Institutional review board statement: This study utilized publicly available GWAS summary data and published trial data. This work did not involve the collection of original data, thus precluding the need for ethics committee approval.
Conflict-of-interest statement: The authors declare that they have no competing interests.
Open-Access: This article is an open-access article that was selected by an in-house editor and fully peer-reviewed by external reviewers. It is distributed in accordance with the Creative Commons Attribution NonCommercial (CC BY-NC 4.0) license, which permits others to distribute, remix, adapt, build upon this work non-commercially, and license their derivative works on different terms, provided the original work is properly cited and the use is non-commercial. See: https://creativecommons.org/licenses/by-nc/4.0/
Corresponding author: Zhou Liu, MD, Associate Chief Physician, Deputy Director, Department of Neurology, The Affiliated Hospital of Guangdong Medical University, No. 57 People's Avenue South, Zhanjiang 524000, Guangdong Province, China. liuzhou@gdmu.edu.cn
Received: January 7, 2024 Revised: March 19, 2024 Accepted: April 9, 2024 Published online: June 6, 2024 Processing time: 143 Days and 3.7 Hours
Abstract
BACKGROUND
Existing evidence suggests that gut microbiota represent a significant environmental risk factor for various forms of dementia, including Alzheimer's dementia, vascular dementia, and dementia in other diseases classified elsewhere. However, the exact causal relationships between gut microbiota and the different forms of dementia or their subtypes remain unclear.
AIM
To investigate putative causal relationships between gut microbiota and dementia or its subtypes using Mendelian randomization (MR) analysis.
METHODS
A bidirectional, two-sample, MR analysis was conducted utilizing publicly available gut microbiota-related genome-wide association study (GWAS) summary data from the MiBioGen consortium alongside GWAS summary statistics for dementia and its subtypes from the FinnGen consortium. Instrumental variables were selected according to the fundamental tenets of MR and their strengths were evaluated using the F-statistic.
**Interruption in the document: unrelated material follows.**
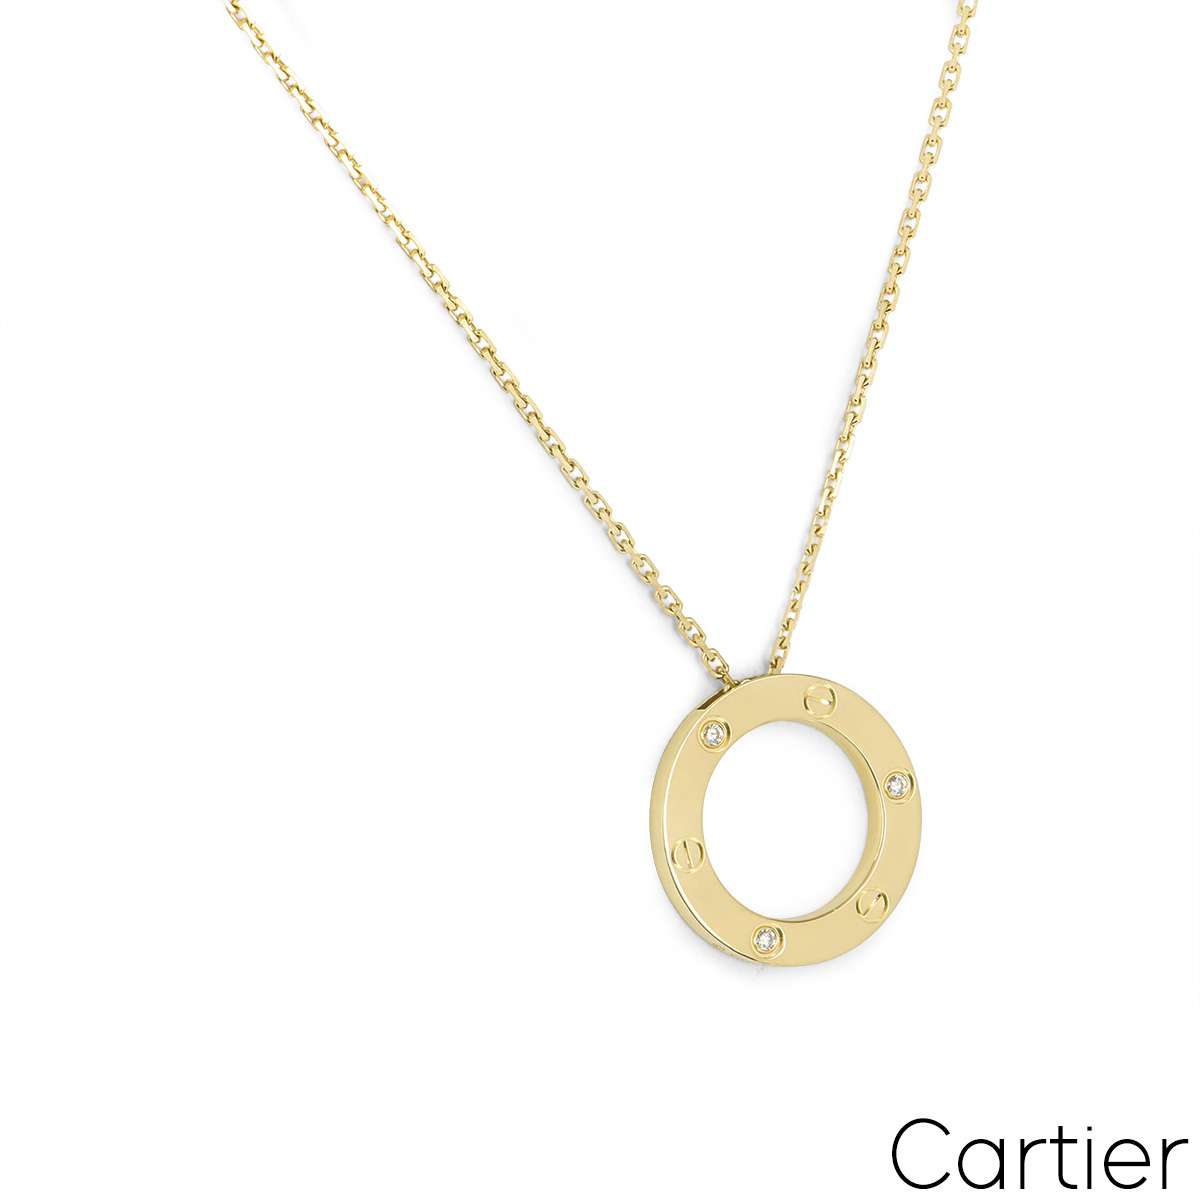 18k Yellow Gold and Diamond Cartier Love Necklace. B7014500

Five MR methods were employed, and the robustness of our findings was validated. To account for multiple comparisons, we applied the Bonferroni method for P-value adjustment.
RESULTS
We identified several gut microbiota taxa exhibiting putative causal relationships with dementia or its subtypes, potentially serving as risk or protective factors for the disease. In addition, reverse MR analysis indicated that the relative abundance of several gut microbiota taxa might be influenced by dementia or its subtypes. An exhaustive sensitivity analysis confirmed the absence of heterogeneity and horizontal pleiotropy. After applying correction for multiple testing, we observed that the order Bacillales (odds ratio: 0.830, 95% confidence interval: 0.740-0.932, P = 0.00155, Padjust = 0.0311) exhibited a strong association with Alzheimer’s disease-related dementia.
CONCLUSION
The results suggest that gut microbiota is causally associated with dementia. Our findings provide novel insights into the pathophysiology of dementia and have important implications for its treatment and prevention.
Core Tip: We identified several gut microbiota taxa as being associated with the risk of or protection against dementia, including its subtypes. These gut microbiota also exhibited potential as therapeutic targets for the disease. Conversely, reverse Mendelian randomization analysis indicated that dementia or its subtypes also influenced the abundance of several gut bacteria, implying that these taxa may serve as biomarkers for assessing the occurrence and progression of dementia. This study offers novel insights into the mechanisms underlying the role of the gut microbiome in this disorder.